:: Dataset excerpt
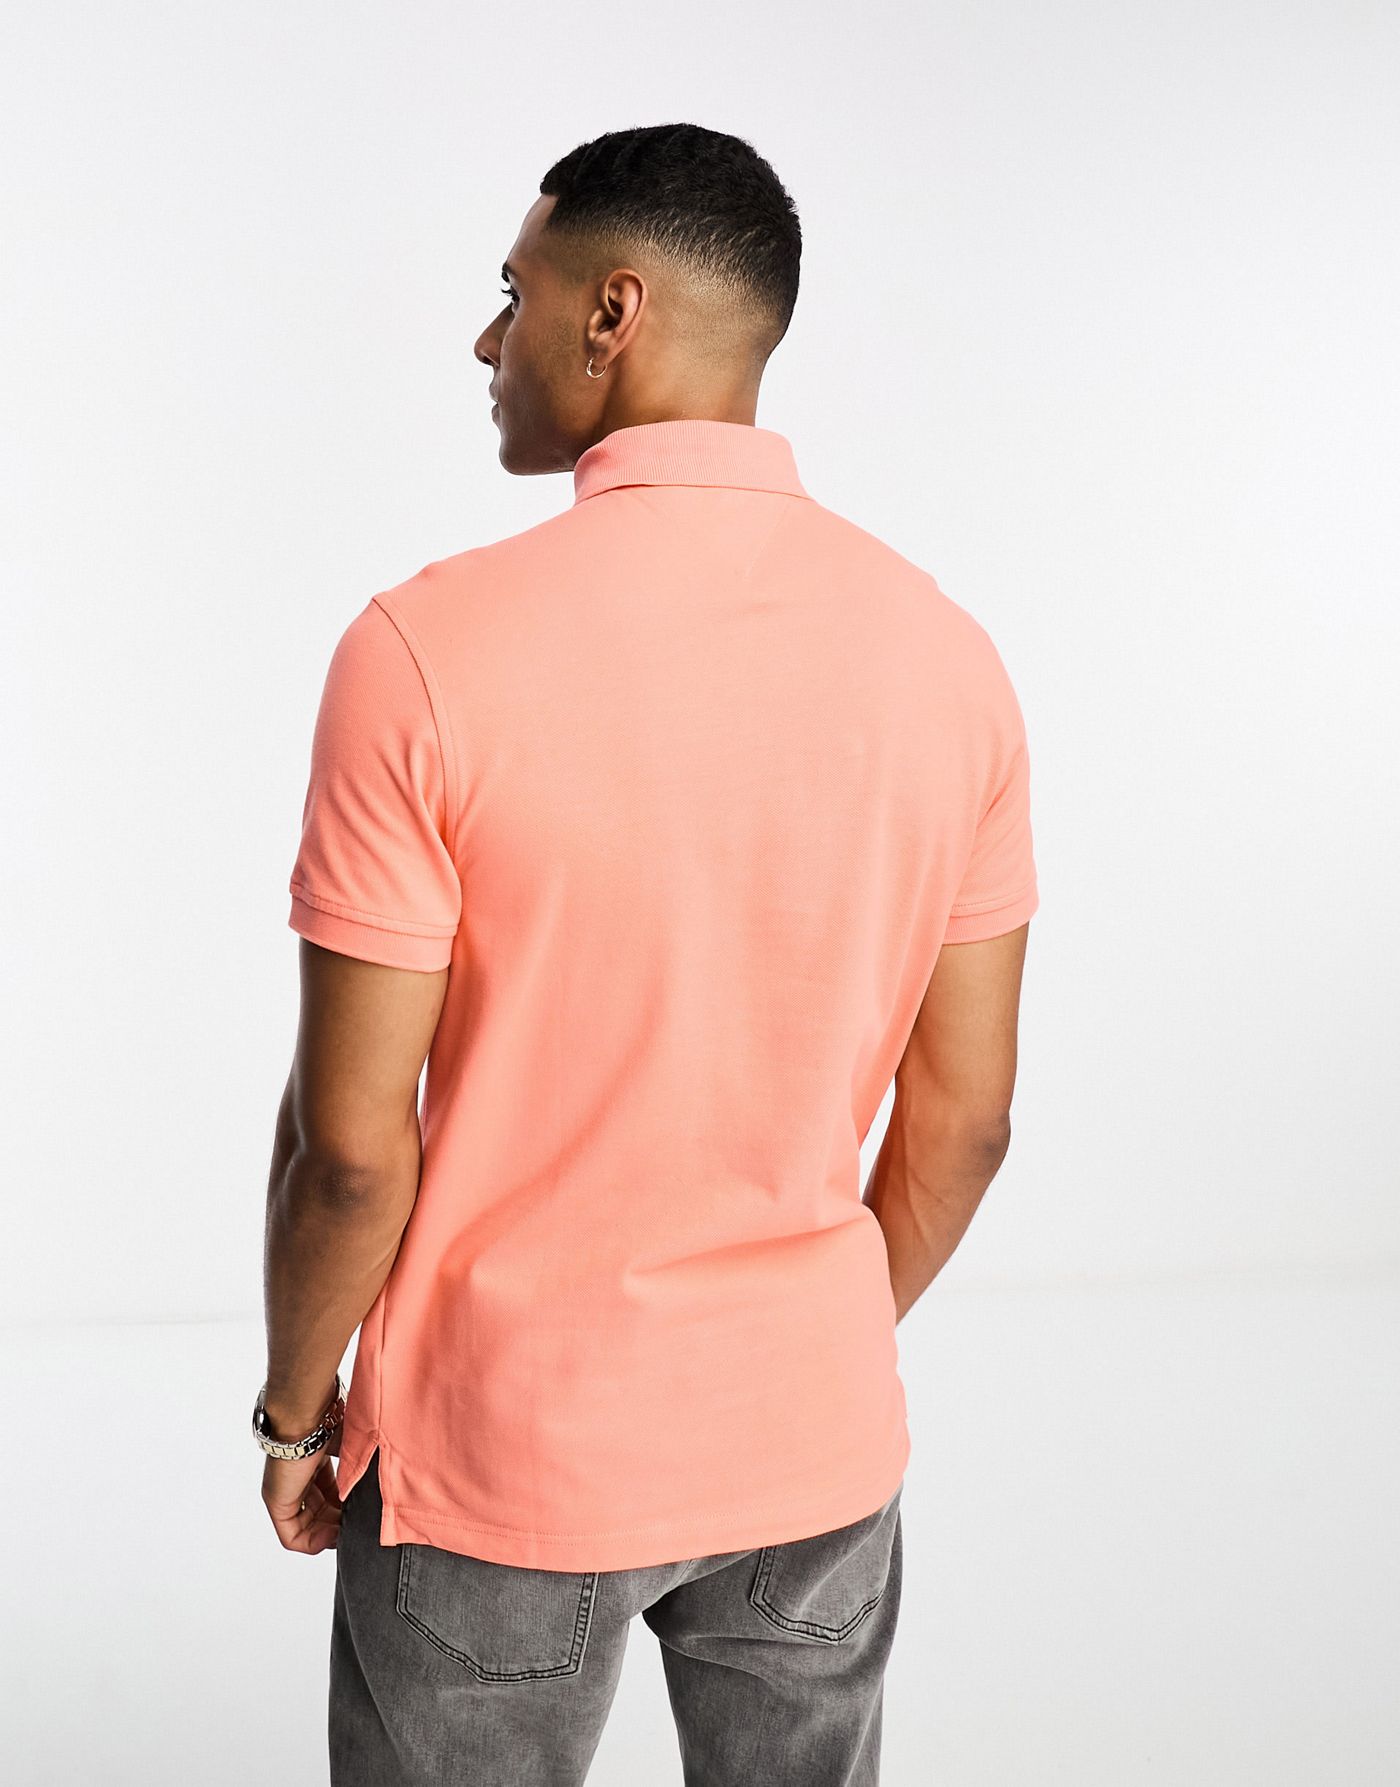 Tommy Hilfiger 1985 slim fit polo top in apricot 
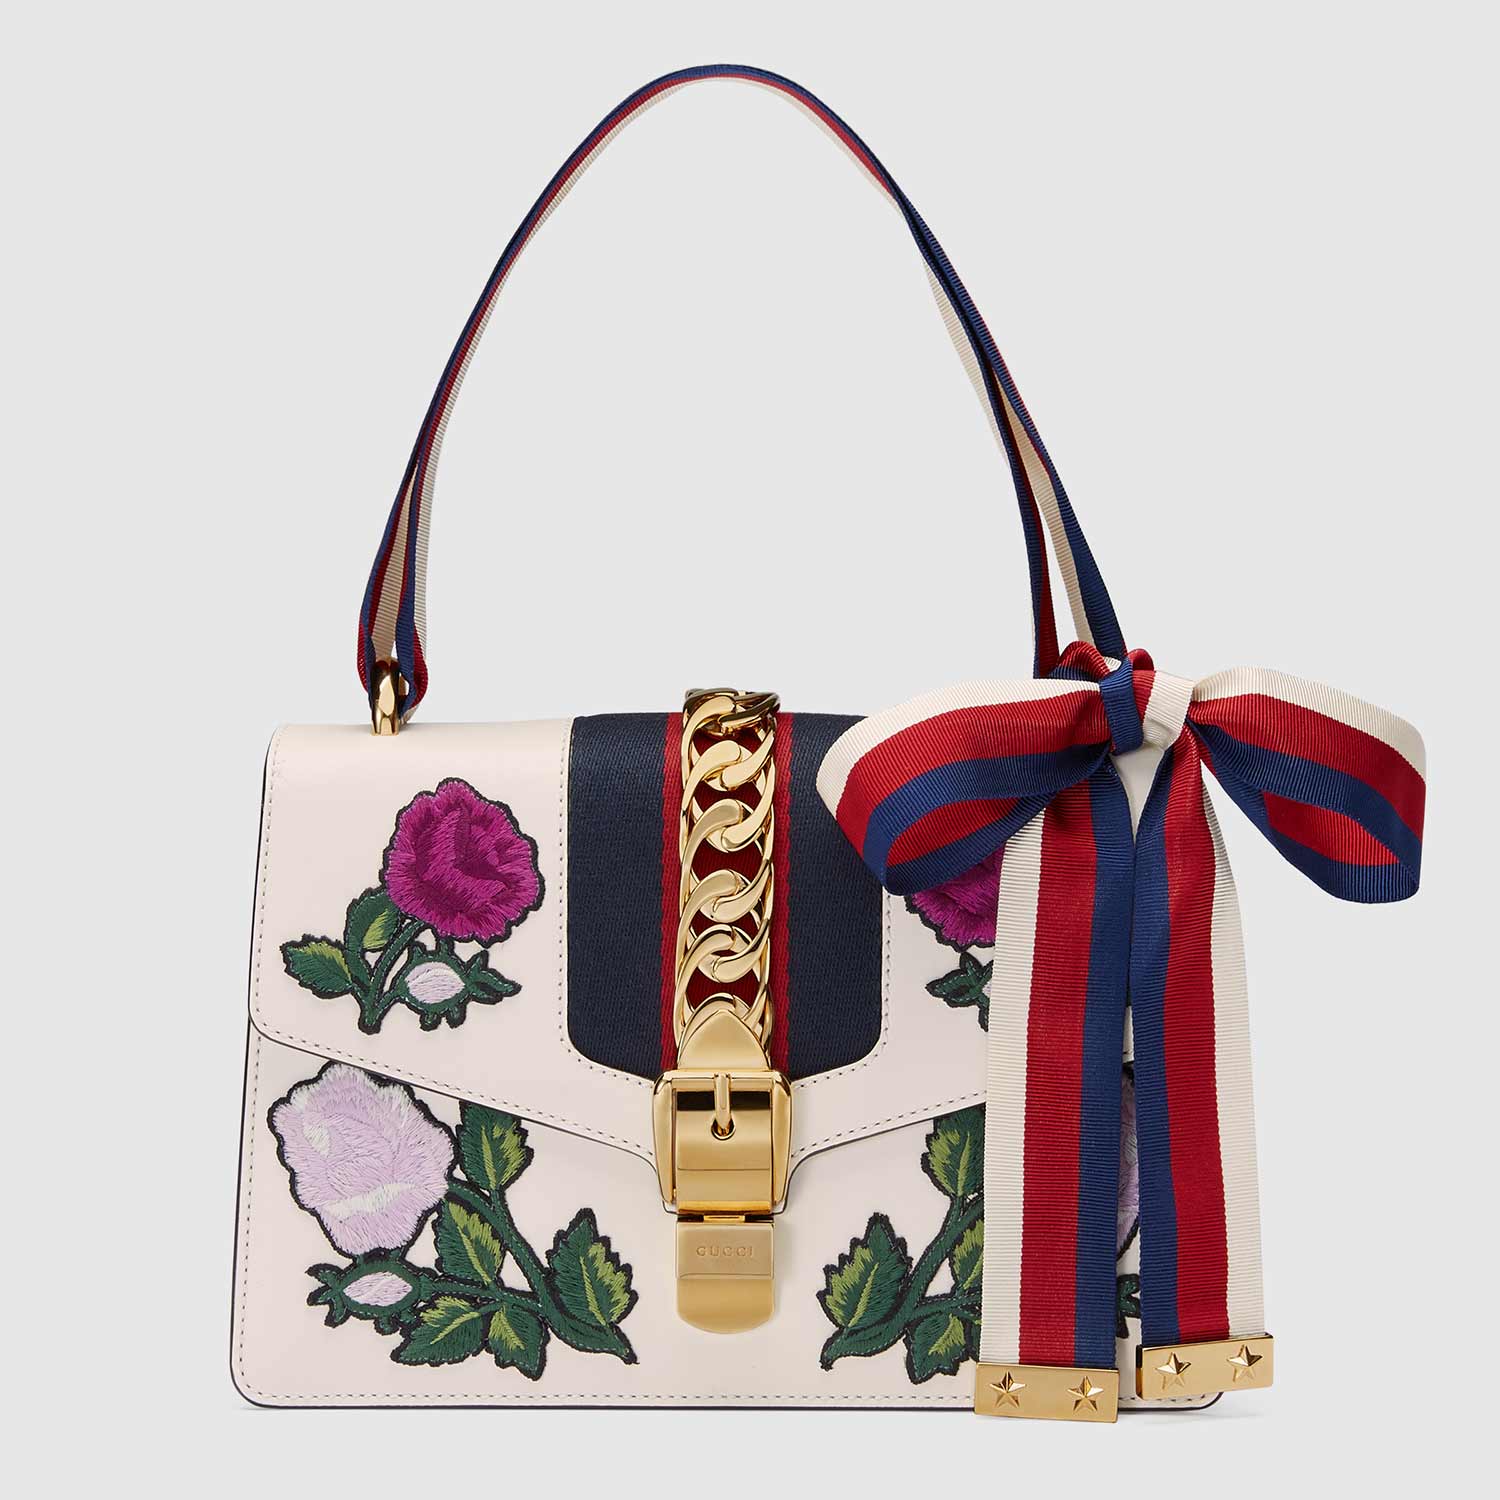 12 Must Have Gucci Bags For 2019 | Raindrops of Sapphire
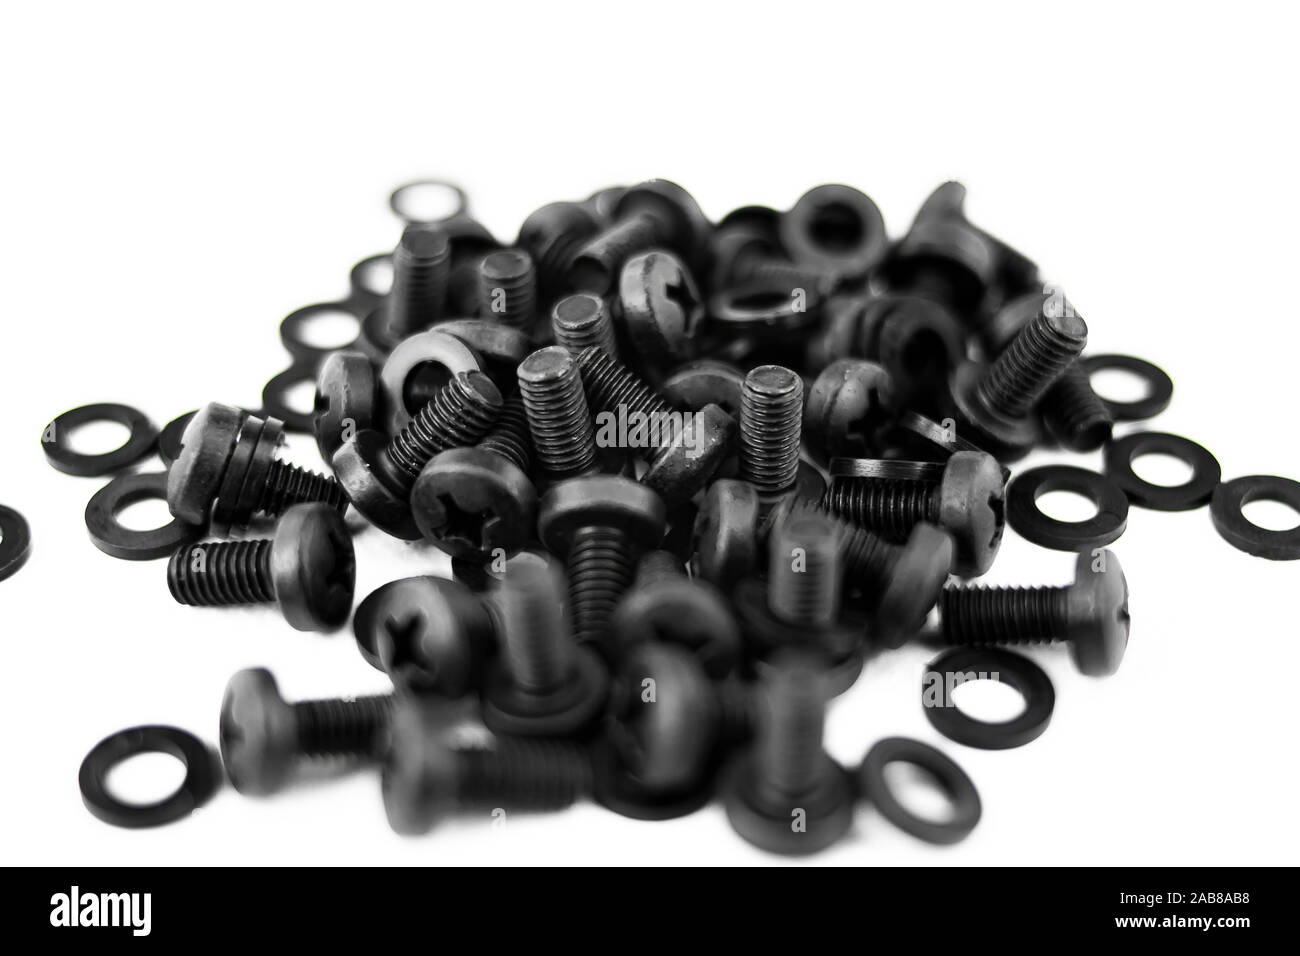 Heap of screws and black metal washers on white background Stock Photo
::::
All the material above must be copied exactly, and no picture belongs in the copy.

 Tommy Hilfiger 1985 slim fit polo top in apricot 
 12 Must Have Gucci Bags For 2019 | Raindrops of Sapphire
 Heap of screws and black metal washers on white background Stock Photo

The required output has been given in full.